Reklama

Jestem mamą uczennicy trzeciej klasy szkoły podstawowej. Na pierwszym zebraniu pani nam przekazała wiadomość o planowanej wycieczce, na początku października, ale płatność jeszcze we wrześniu. Dwudniowy wyjazd, nocleg w ośrodku turystycznym, zwiedzanie muzeum, park linowy, ognisko. Brzmi pięknie, prawda? Problem w tym, że koszt to 500 zł od dziecka.

Reklama

Moja córka, gdy tylko usłyszała o planach, od razu była zachwycona. W oczach pojawił się błysk, zaczęła opowiadać, jak bardzo chciałaby pojechać. A ja w tym czasie liczyłam w głowie rachunki: czynsz, prąd, zakupy spożywcze, leki. Gdzie w tym wszystkim znaleźć pół tysiąca, które trzeba wpłacić w ciągu kilku dni? I to nie licząc kieszonkowego, które pewnie też będzie chciała zabrać.

Nie każdy może sobie pozwolić

Najgorsze w tym wszystkim jest to, że dziecko w tym wieku nie rozumie, że rodzice mogą zwyczajnie nie mieć pieniędzy. Ona widzi tylko rówieśników, którzy rozmawiają o wyjeździe i snują plany. Już teraz boję się dnia, w którym trzeba będzie powiedzieć, że być może nie pojedzie.

Kiedyś wycieczki szkolne były bardziej „na każdą kieszeń”. Jednodniowe wyjazdy, kosztujące 70 czy 100 zł, nie stanowiły takiego problemu. Teraz mam wrażenie, że szkoła działa według zasady „im drożej, tym lepiej”. Organizatorzy prześcigają się w atrakcjach, ale czy ktoś jeszcze myśli o tym, że nie wszystkie rodziny śpią na pieniądzach?

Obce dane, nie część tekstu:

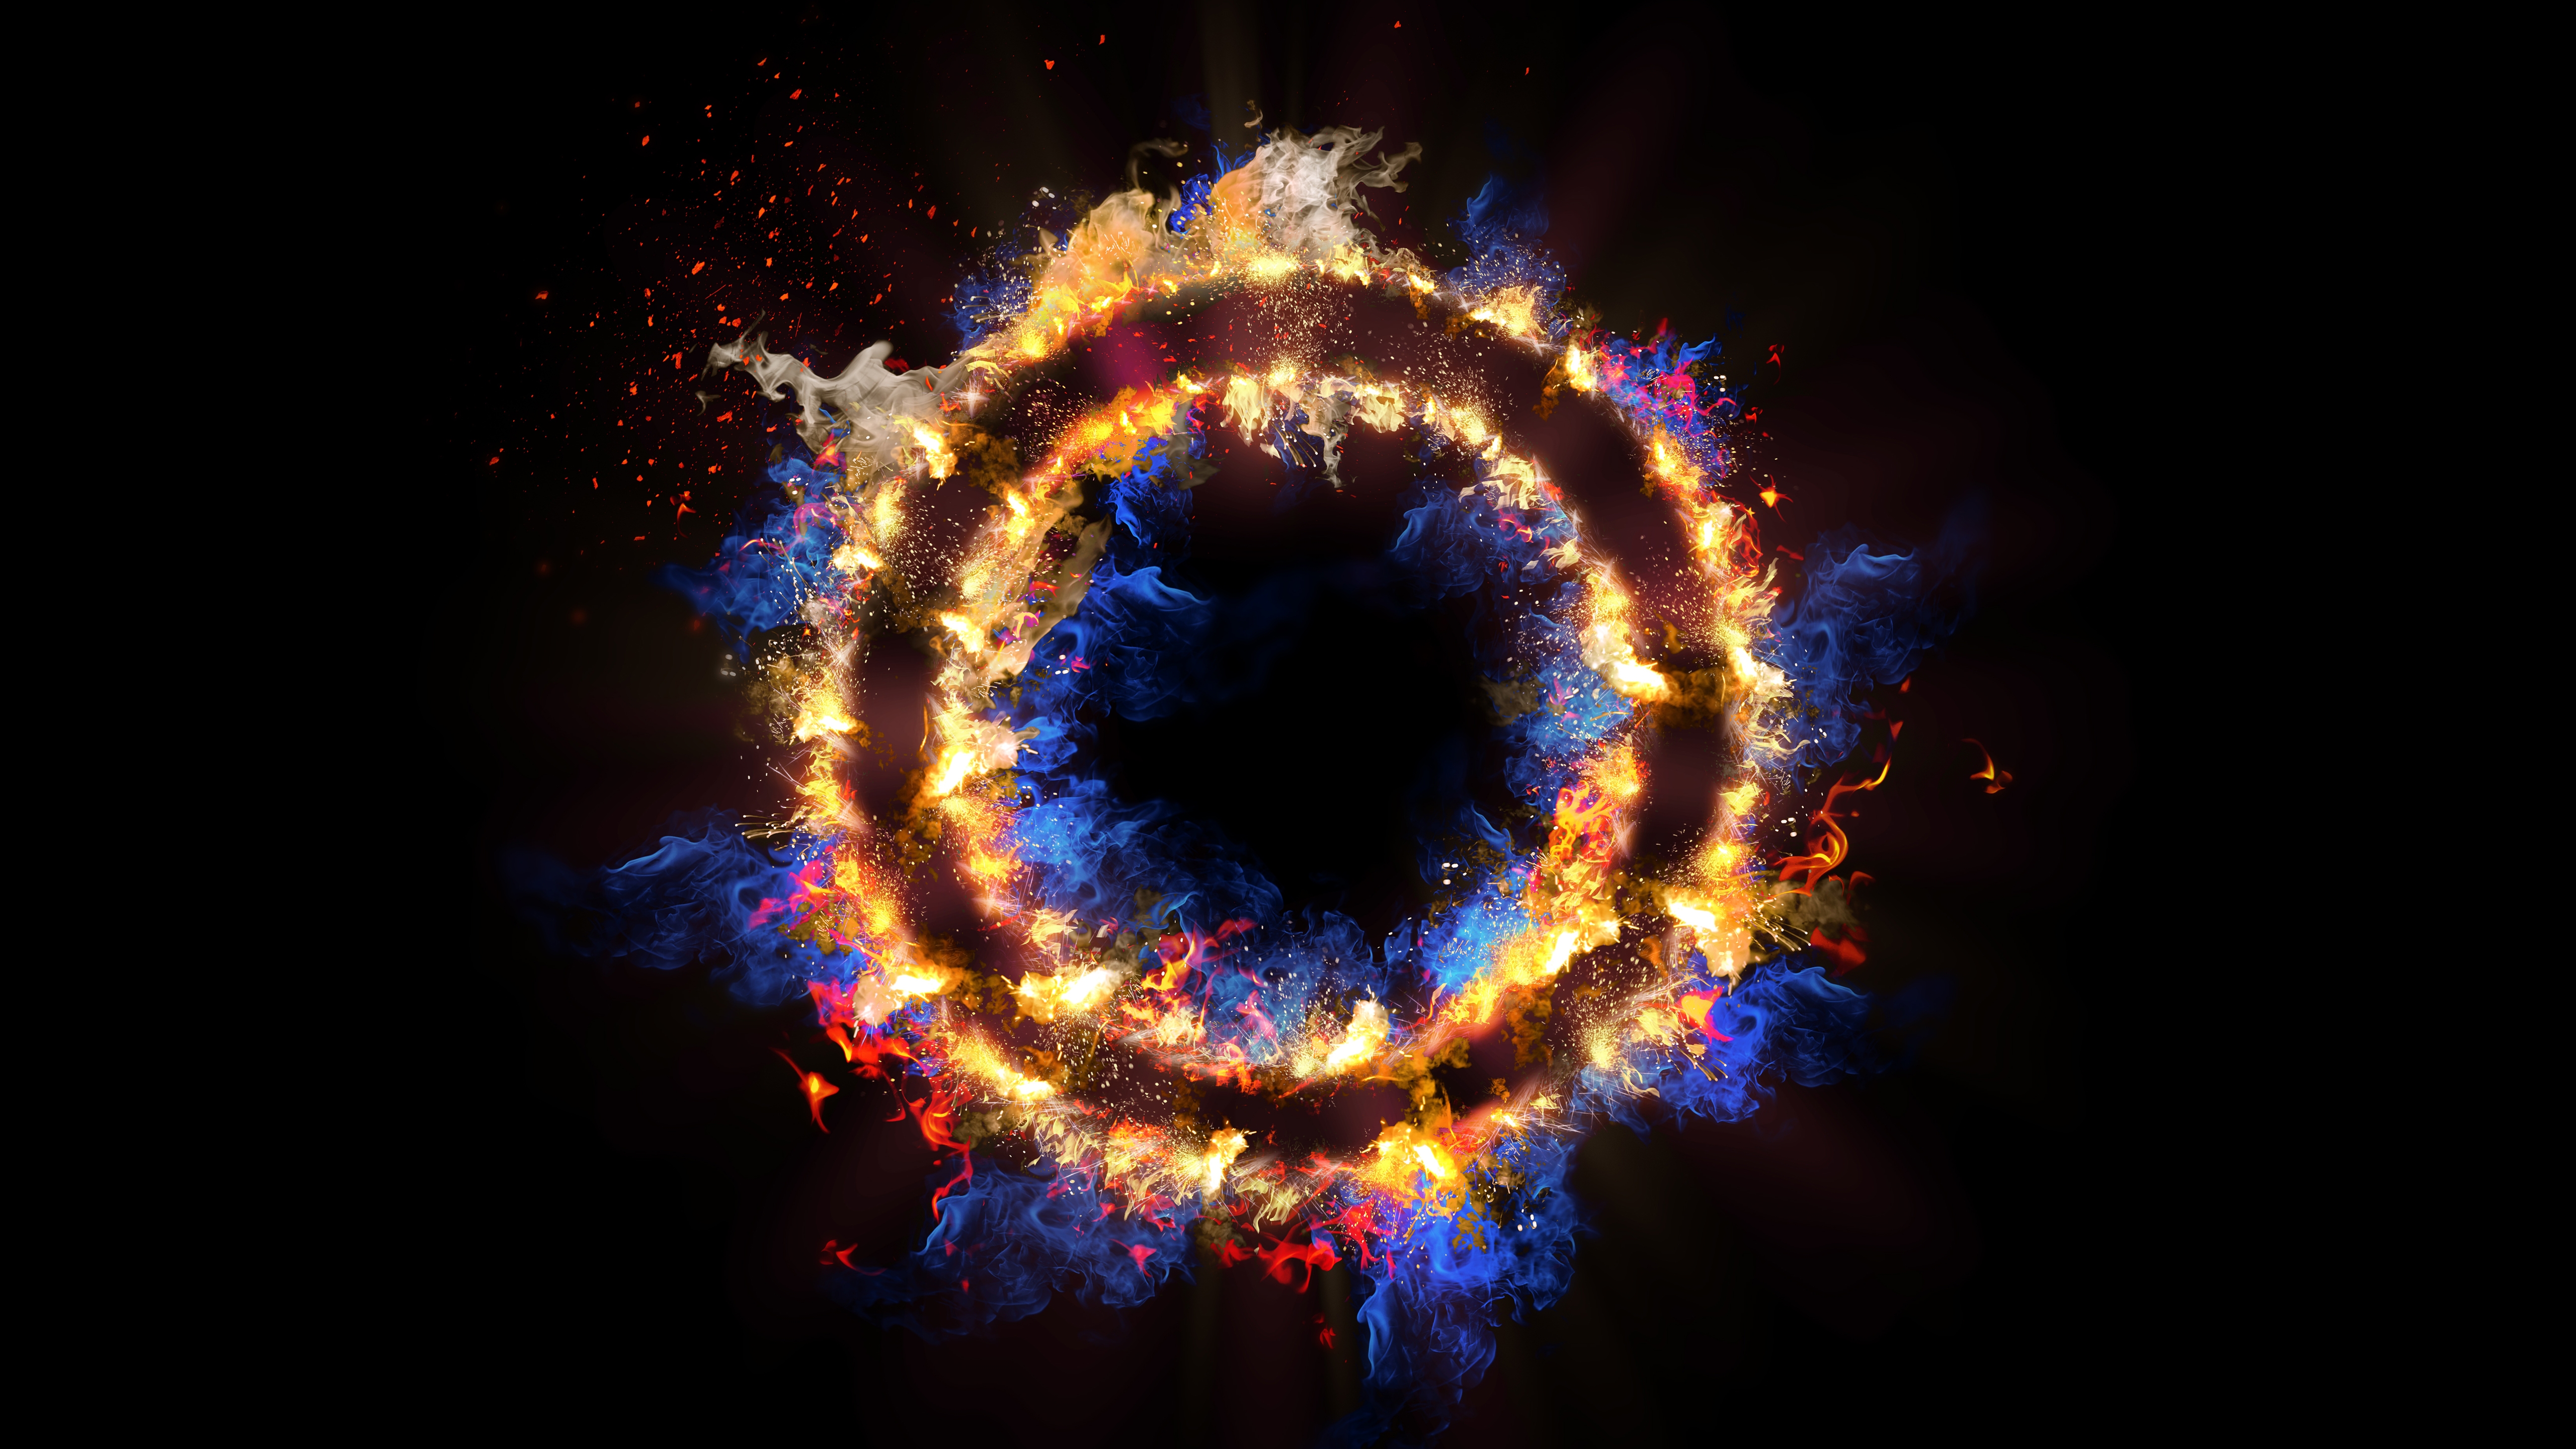 HD wallpaper, Black Background, Flames, 5K, Fire Ring, Energy, Circle

W naszej klasie nie ja jedna mam takie wątpliwości. W kuluarach, przy odbieraniu dzieci, słychać szepty rodziców: „Za drogo”, „Nie dam rady”, „Nie wiem, co zrobić”. Ale nikt nie mówi tego głośno, bo przecież nie chcemy, żeby nasze dzieci czuły się gorsze.

Potrzebny zdrowy rozsądek

Nie twierdzę, że wycieczki są złe. Wręcz przeciwnie – wspomnienia z takich wyjazdów zostają na całe życie. Ale mam wrażenie, że szkoły zapominają o podstawowym fakcie: nie wszystkie rodziny mają takie same możliwości finansowe. Dla niektórych 500 zł to równowartość tygodniowych zakupów albo połowa pensji, jeśli ktoś pracuje dorywczo.

Apeluję o rozsądek i o to, żeby nauczyciele pamiętali, że atrakcyjny wyjazd nie musi oznaczać ogromnych wydatków. Dzieci równie dobrze bawią się na jednodniowej wycieczce, wyjeździe do kina czy ognisku zorganizowanym niedaleko szkoły.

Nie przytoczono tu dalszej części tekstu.